However, the combined approach did not give significantly added benefit, compared with fasting alone, the researchers report.

Eighty patients with NAFLD were randomized to one of four lifestyle strategies (alternate-day fasting, aerobic exercise, both, or neither) for 3 months.

The primary outcome was change in intrahepatic triglyceride (IHTG) content from baseline to study end, measured by magnetic resonance imaging proton density fat fraction.

The results suggest that “combining intermittent fasting with exercise is effective for reducing hepatic steatosis [fatty liver] in patients with NAFLD but may offer no additional benefit versus fasting alone,” Mark Ezpeleta, PhD, formerly at the University of Illinois, Chicago, and now at the University of Colorado Anschutz Medical Campus, and colleagues conclude.

“Our findings also indicate that the combination intervention was effective for reducing body weight, fat mass, waist circumference, [the liver enzyme alanine transaminase (ALT)], fasting insulin, [and] insulin resistance and increasing insulin sensitivity, among patients with obesity and NAFLD versus controls,” the group reports.  

“When we compared the results of our study groups, we saw clearly that the most improved patients were in the group that followed the alternate-day fasting diet and exercised 5 days a week,” senior author Krista A. Varady, PhD, professor of nutrition, University of Illinois, said in a press release from the university.

“The people who only dieted or only exercised did not see the same improvements,” she added, “which reinforces the importance of these two relatively inexpensive lifestyle modifications on overall health and on combating chronic diseases like fatty liver disease.”

Moreover, “alternate-day fasting and exercise interventions can be difficult for people to stick to, and in prior studies we have seen significant dropout,” she noted. “It was very interesting to see that in this trial we had very high adherence to the interventions.”

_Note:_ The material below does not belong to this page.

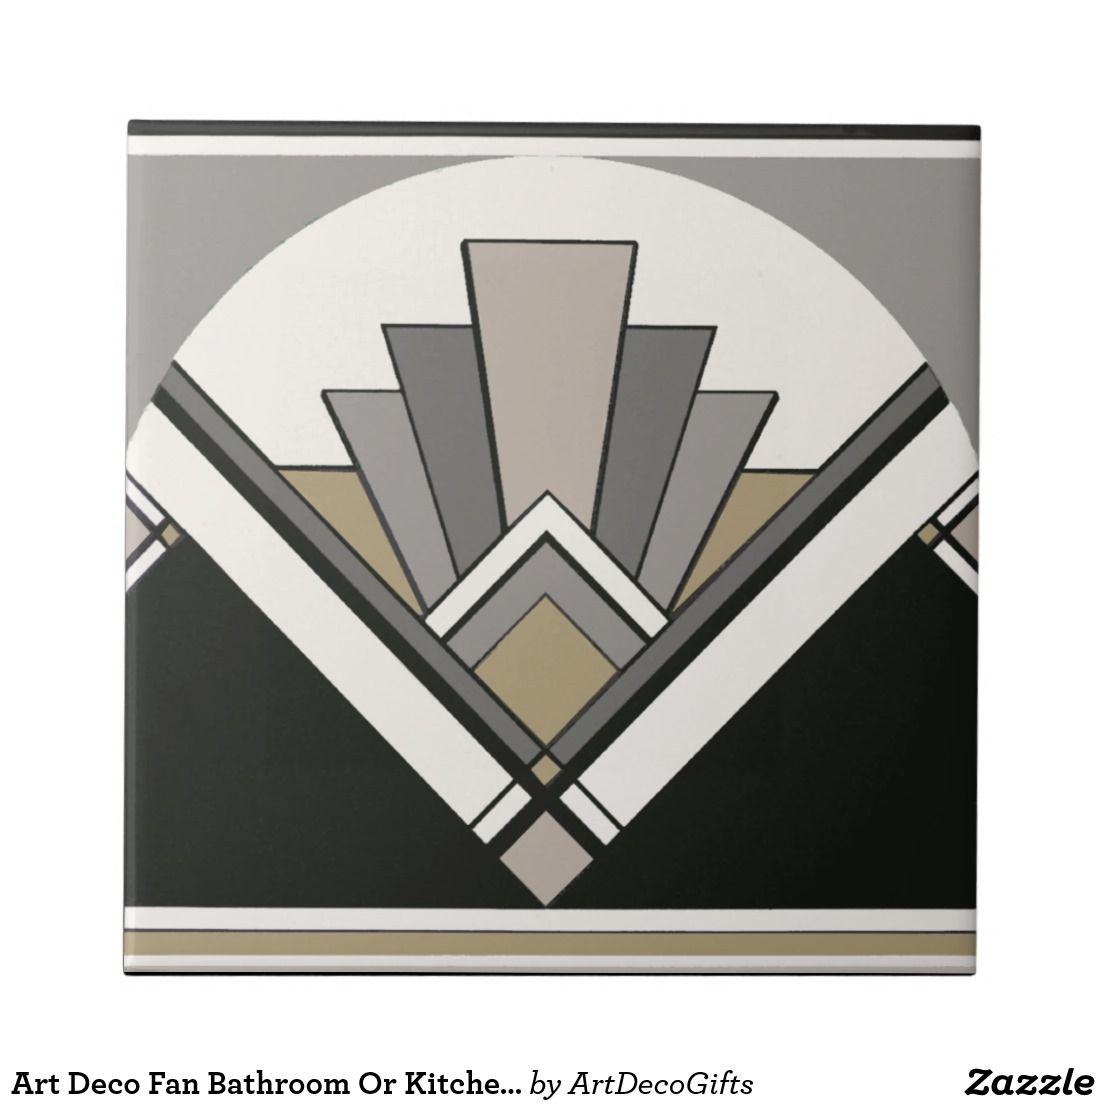 Art Deco Fan Bathroom Or Kitchen Tile | Zazzle.com

The study was recently published in Cell Metabolism.  

An estimated 65% of people with obesity have NAFLD, or fat in the liver that is not the result of excessive alcohol consumption, which is strongly related to the development of insulin resistance and type 2 diabetes, the group writes.

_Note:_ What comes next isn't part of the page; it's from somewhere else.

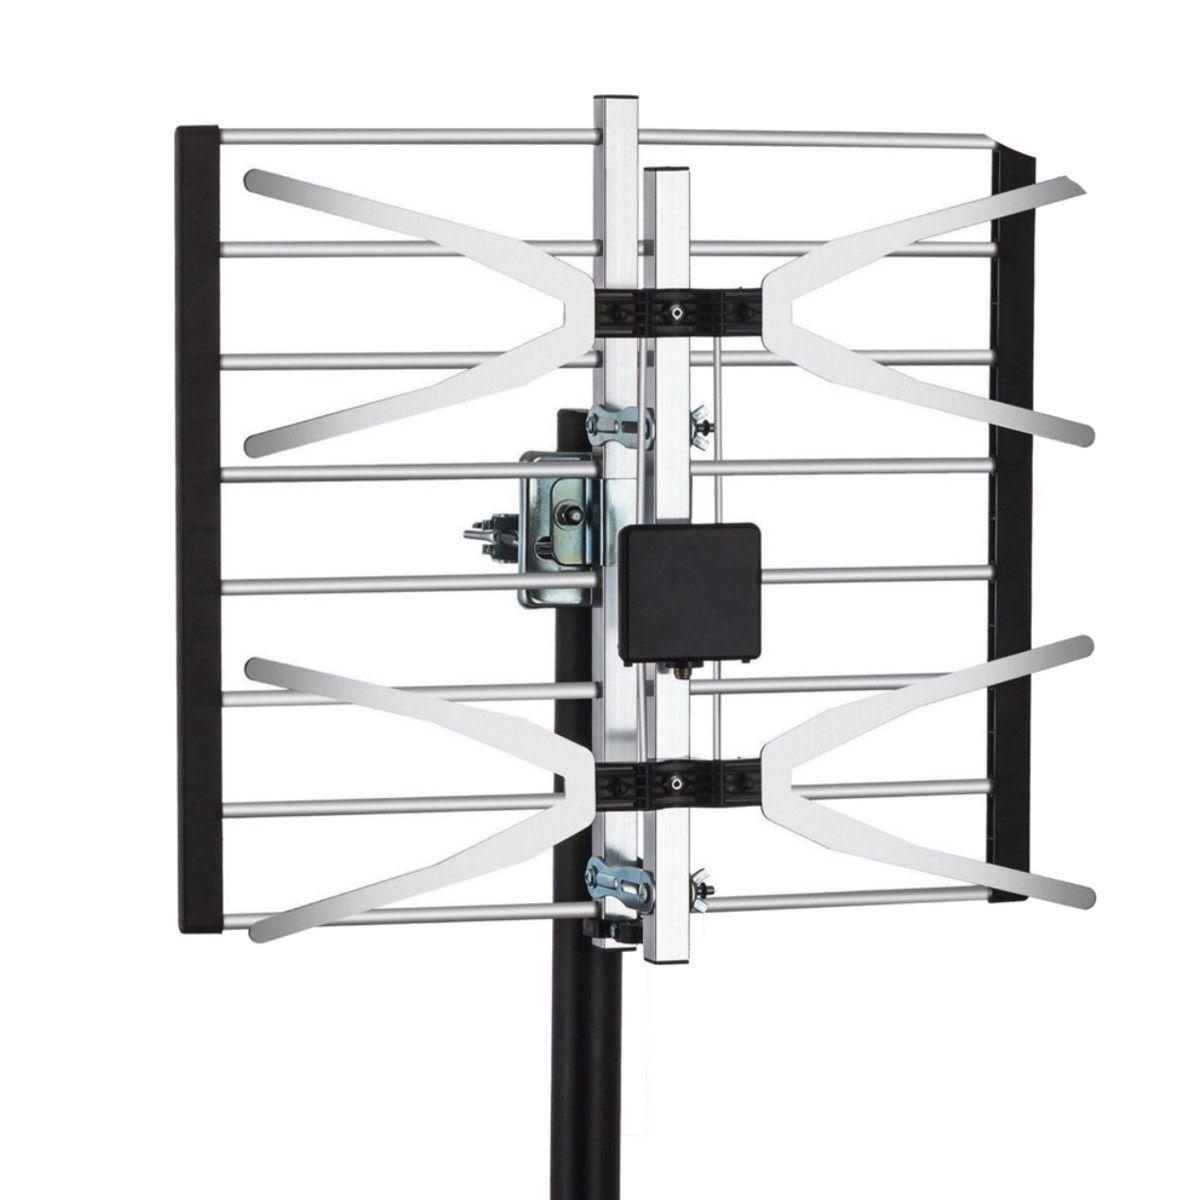 Us 45 91 Yehfly Tlpa16b 120 Miles Digital Amplified Signal Tv Aerial Antenna Home Audio Video From Electronics On Banggood Com Tv Aerials Digital Laos

Thiazolidinediones such as pioglitazone reduce hepatic steatosis, but there is mounting concern about the weight-gaining effect of these compounds.

Recent attention has focused on lifestyle interventions to resolve hepatic steatosis, and previous trials showed that alternate-day fasting was effective for certain outcomes in NAFLD, but those studies did not measure changes in IHTG content or include an exercise intervention.

The researchers enrolled 80 adults with obesity and NAFLD and randomized them to one of four groups for 3 months:

  • Alternate day fasting group: Participants were instructed to consume 600 kcal at dinner between 5 PM and 8 PM on a fasting day alternating with food as desired on a feasting day.
  • Exercise group: A 60-minute moderate-intensity aerobic exercise session 5 times a week.
  • Fasting plus exercise group.
  • Control group (no intervention).
 

 

Participants were age 23-65 (mean age, 44) and 81% were women.

Half were Hispanic, and the rest were Black (30%), White (11%), or Asian (9%).

They had a mean weight of 99 kg (218 lb) and a mean body mass index of 36 kg/m2.

Dropout rates were minimal in the combination group (0%) and fasting groups (5%) and moderately high in the exercise group (25%).

IHTG content was reduced by a significantly greater amount in the combination group (–5.48%) than in the exercise alone group (–1.30%; P = .02) or in the control group (–0.17%; P < .01) and by a greater amount than in the fasting alone group, although this was not significant (–2.25%; P = .05).

Lean mass, aspartate transaminase (AST), A1c, blood pressure, plasma lipids, liver fibrosis score, and hepatokines (fetuin-A, FGF-21, and selenoprotein P) did not differ between groups.

Researchers acknowledge that although the combination intervention resulted in improved NAFLD parameters, IHTG and ALT did not reach the normal range.  

Participants likely had early stage NAFLD (their baseline IHTG was in the 16% to 18% range, where 5% to 33% is mild steatosis) and they were likely highly motivated (indicated by the low dropout rate), so the findings may not be generalizable.

The study was funded by the National Institute of Diabetes and Digestive and Kidney Diseases, National Institutes of Health. Dr. Varady has reported receiving author fees from the Hachette Book Group for the book entitled “The Every Other Day Diet.” The other authors have reported no relevant financial relationships.

A version of this article first appeared on Medscape.com.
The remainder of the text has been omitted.